--- STORED DATA Enclosed Below ---
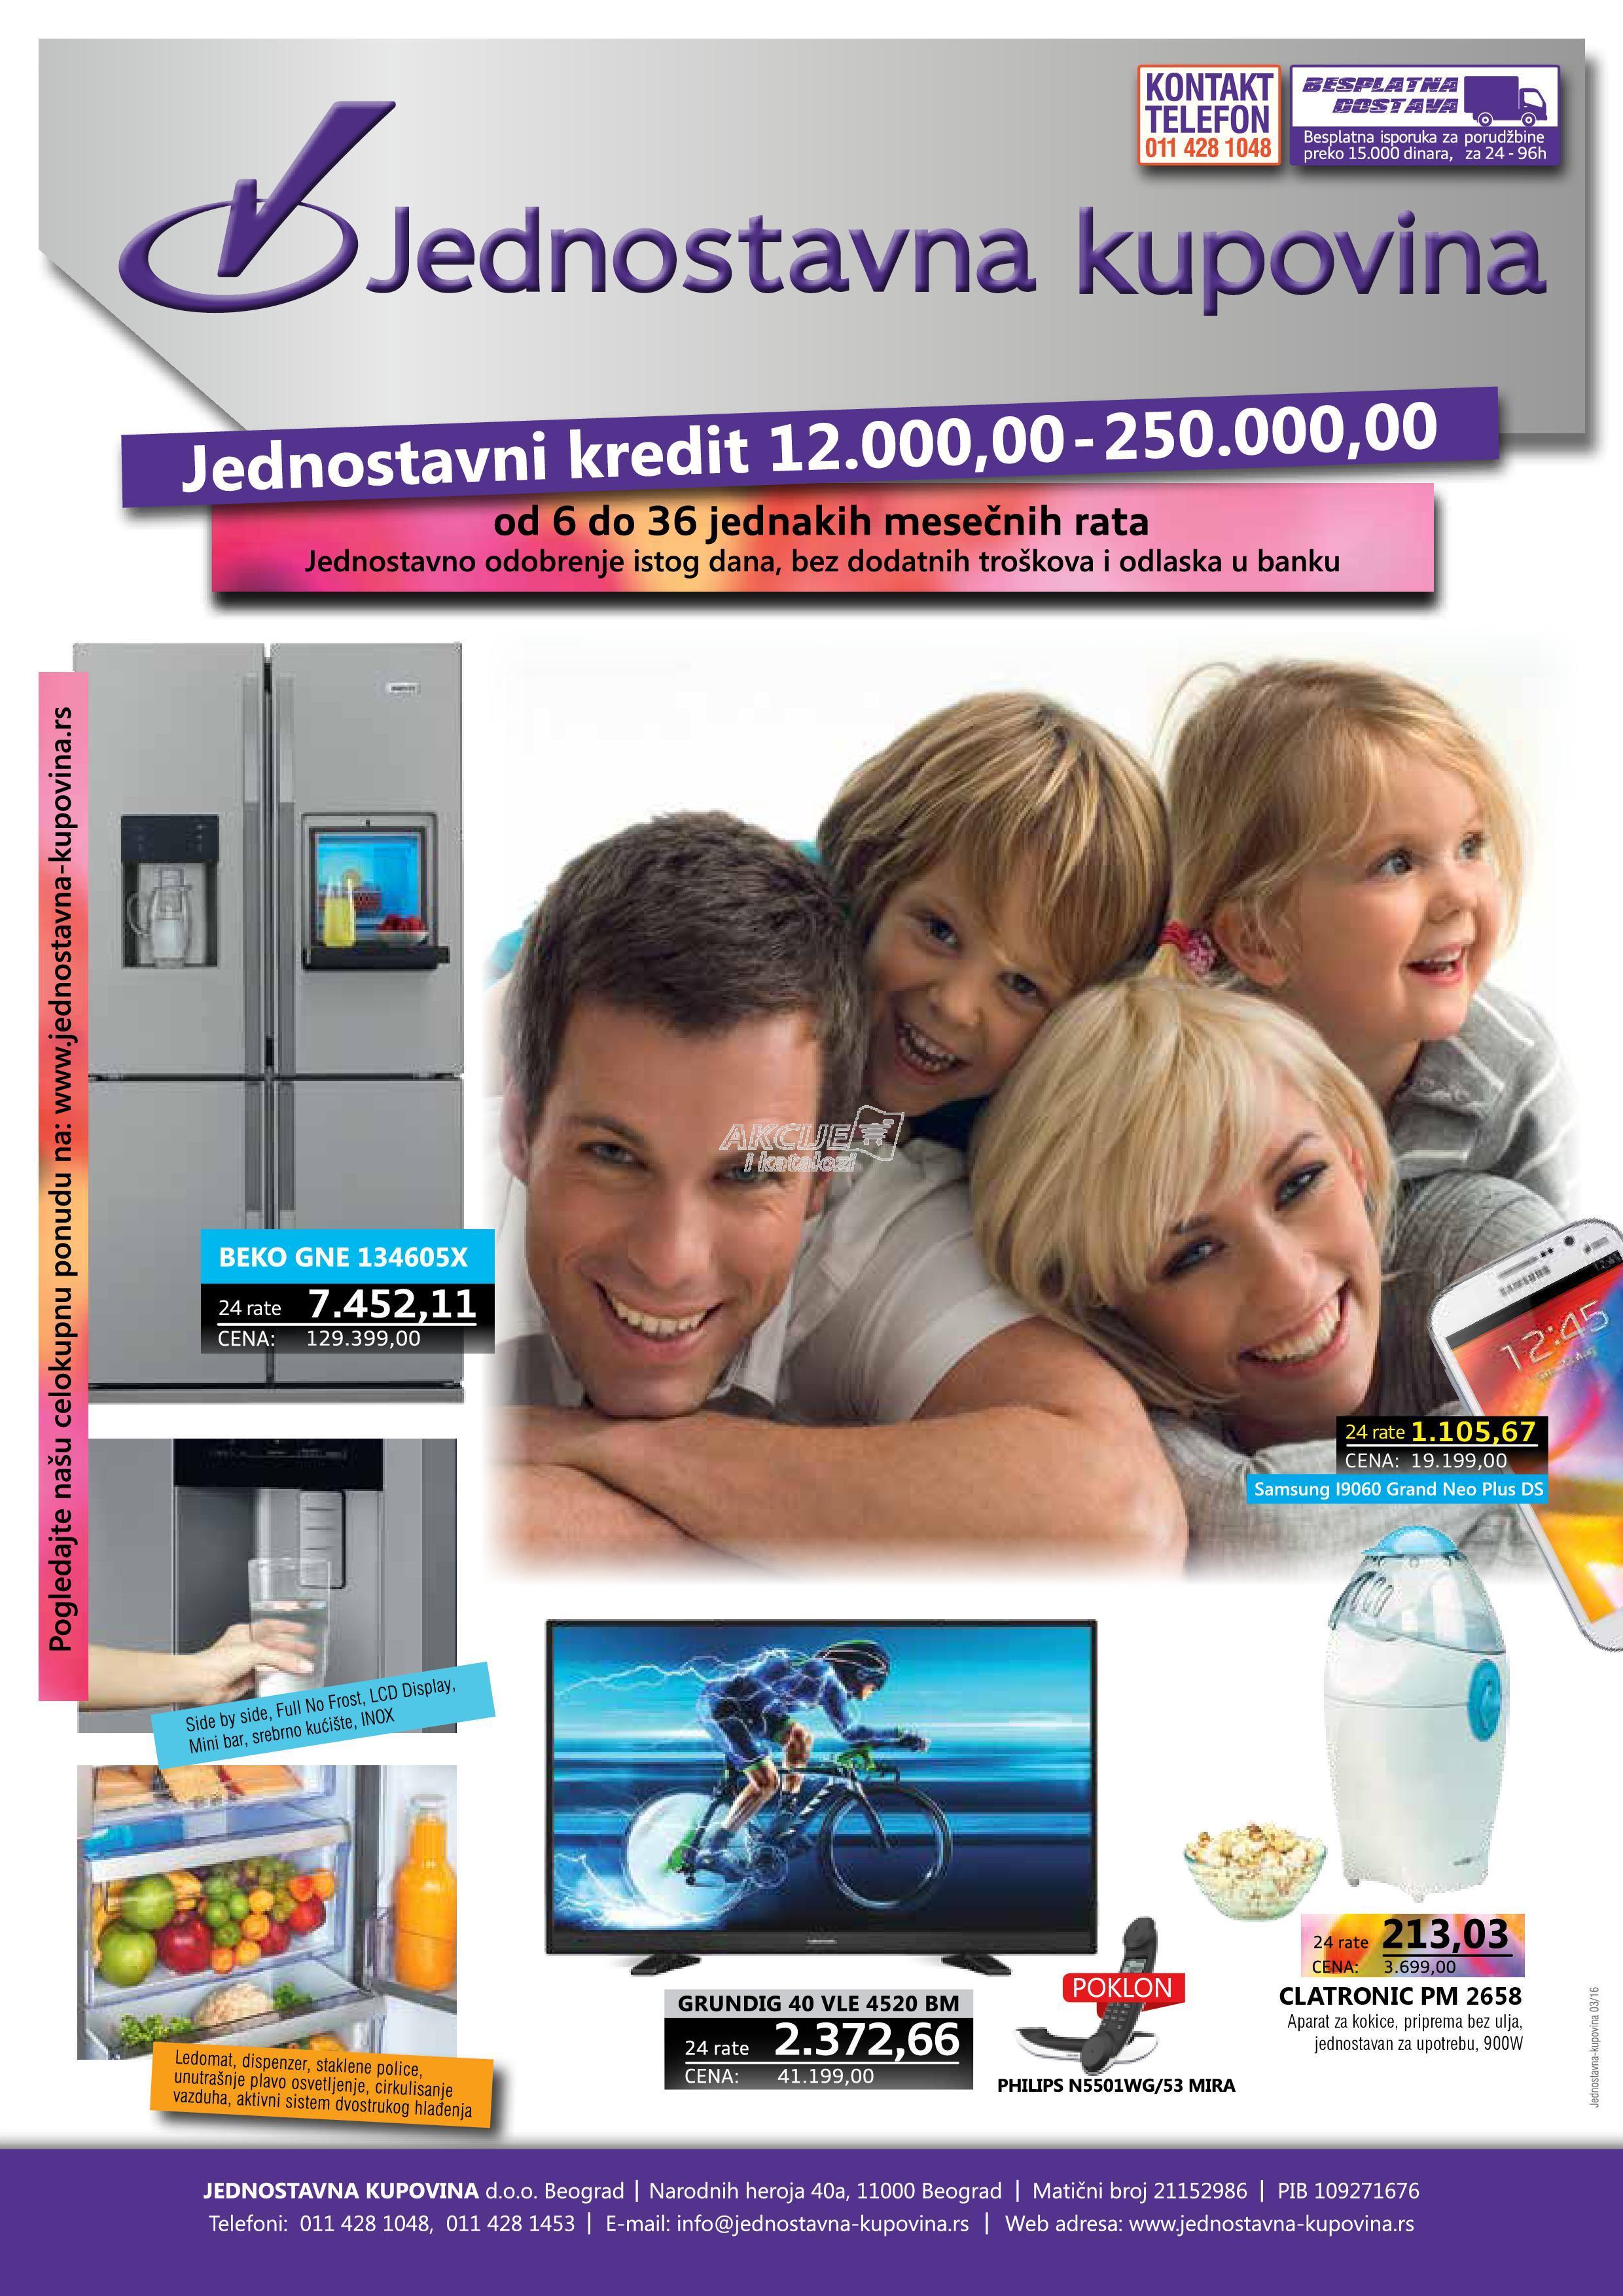 Jendostavna kupovina - Redovna akcija super kupovine
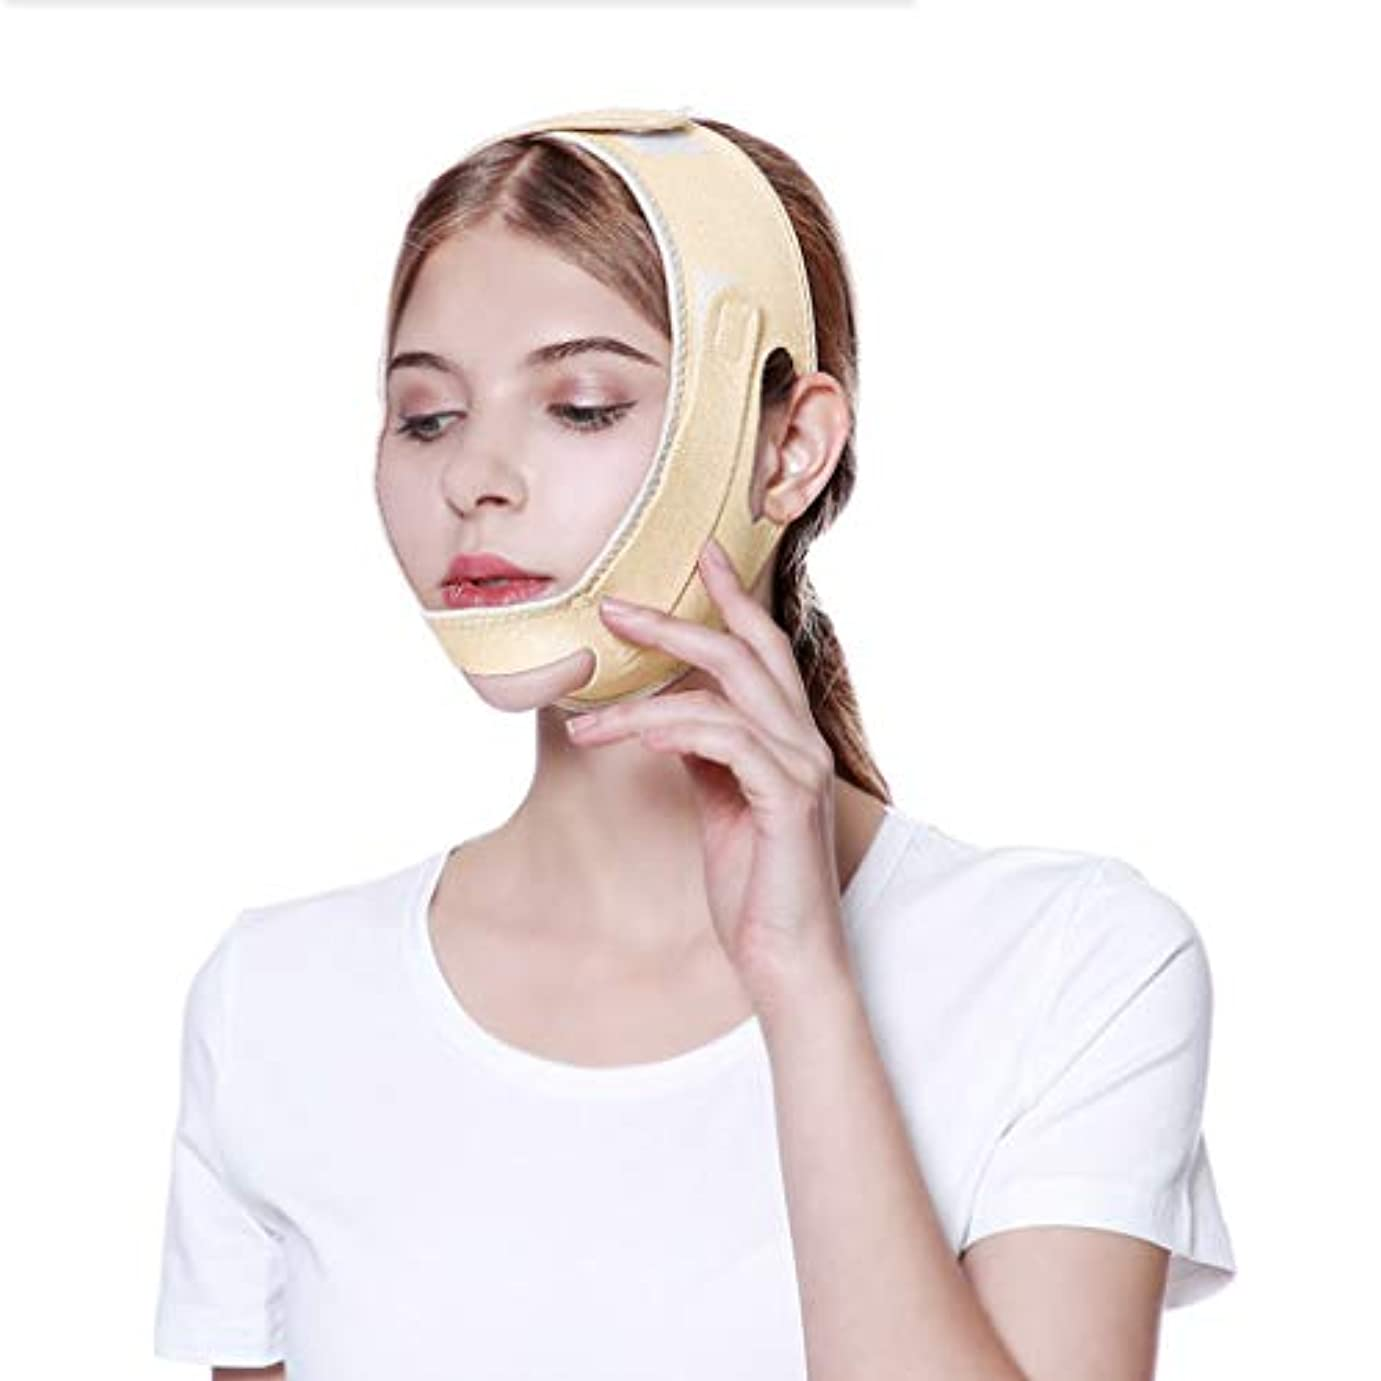 発見するいわゆる素朴な顔面重量損失顔包帯 v 顔楽器顔ツールマスクライン彫刻手術回復ヘッドギアダブルあご
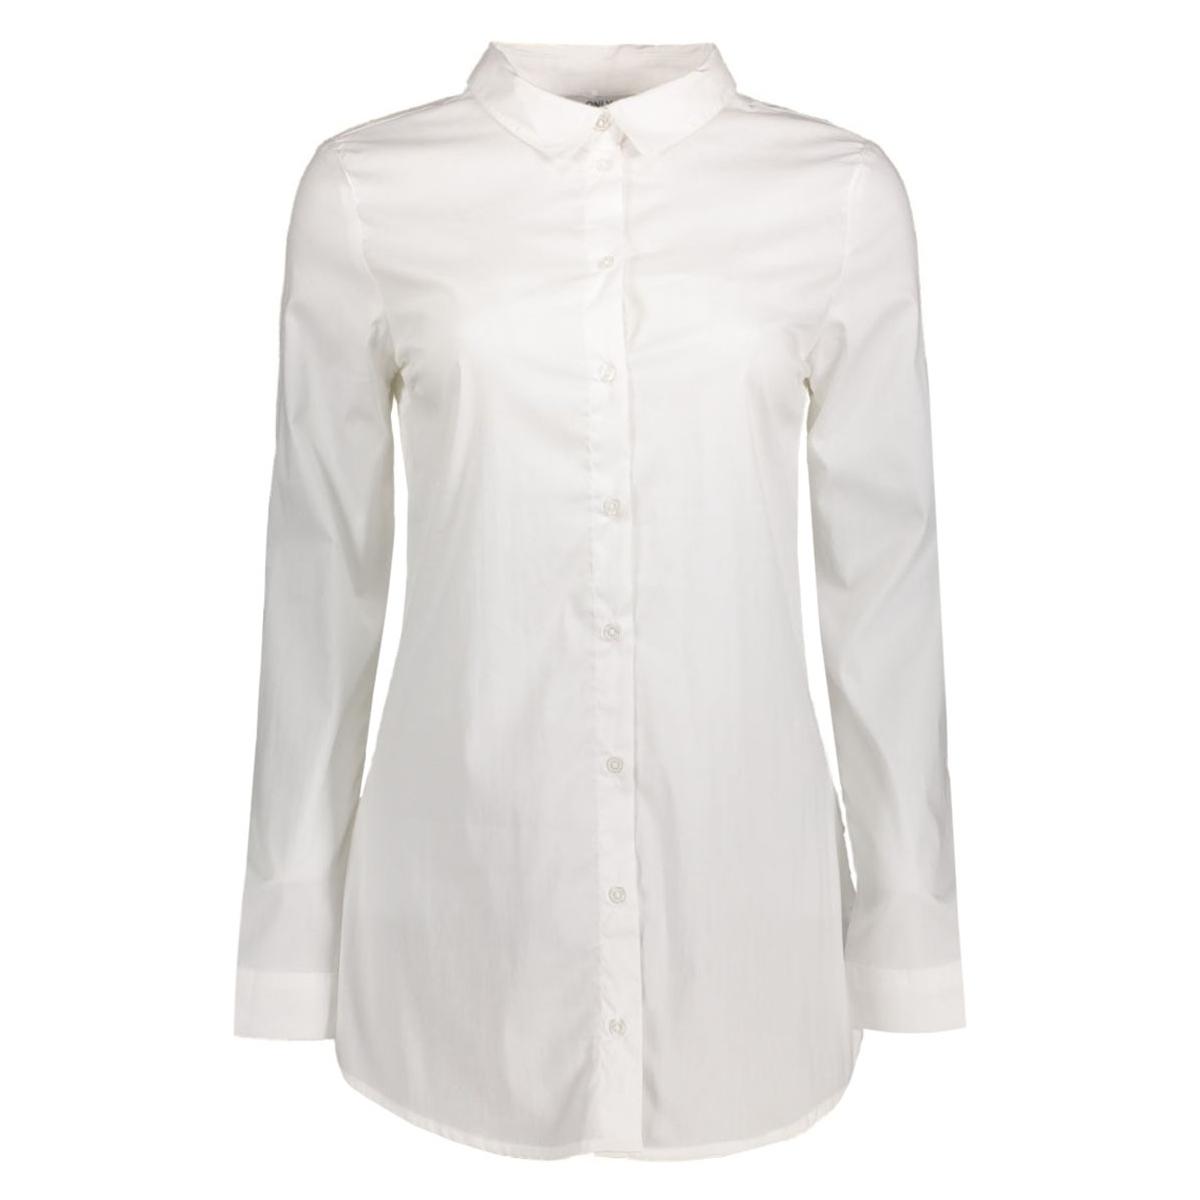 onlstreet shirt wvn 15129618 only blouse white
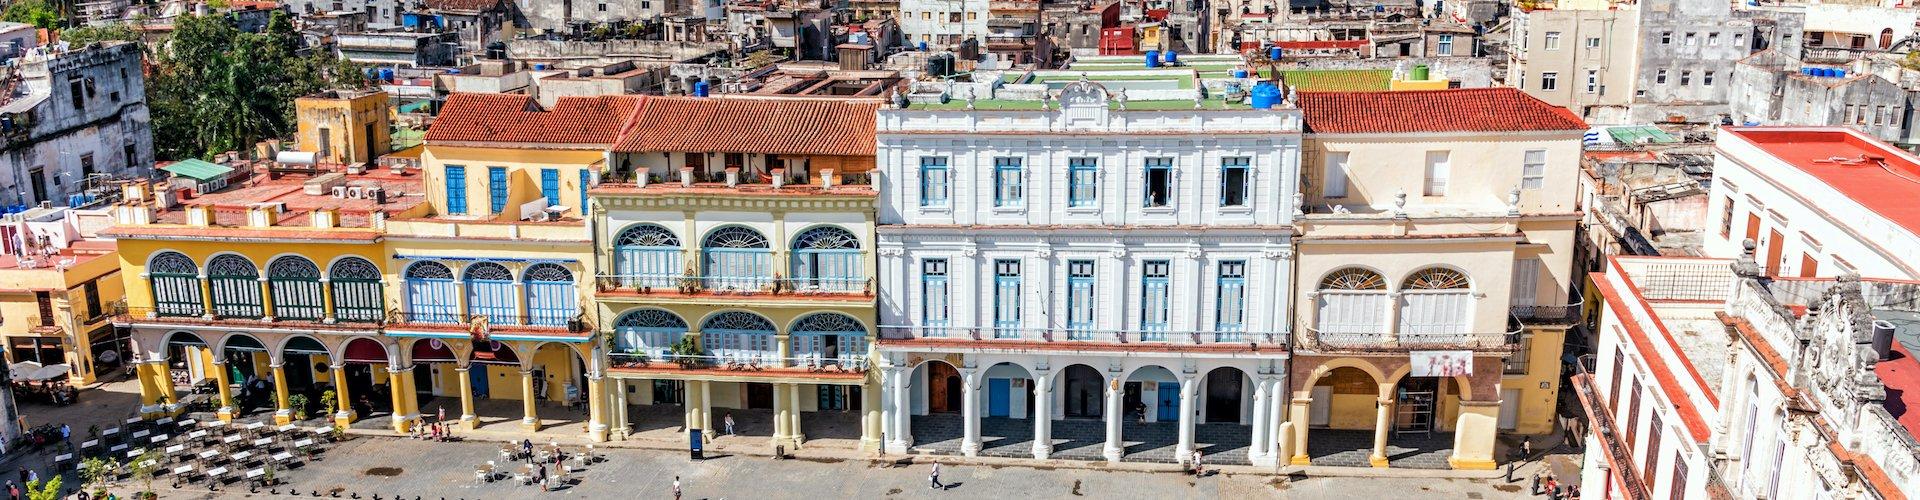 Ausflugsziel La Habana Vieja
--- End of Enclosed STORED DATA ---
_EXERCISE_:
Retype the data above exactly. Leave the pictures out.

_OUTPUT FOR THIS EXERCISE_:
 Jendostavna kupovina - Redovna akcija super kupovine
 発見するいわゆる素朴な顔面重量損失顔包帯 v 顔楽器顔ツールマスクライン彫刻手術回復ヘッドギアダブルあご
 onlstreet shirt wvn 15129618 only blouse white
 Ausflugsziel La Habana Vieja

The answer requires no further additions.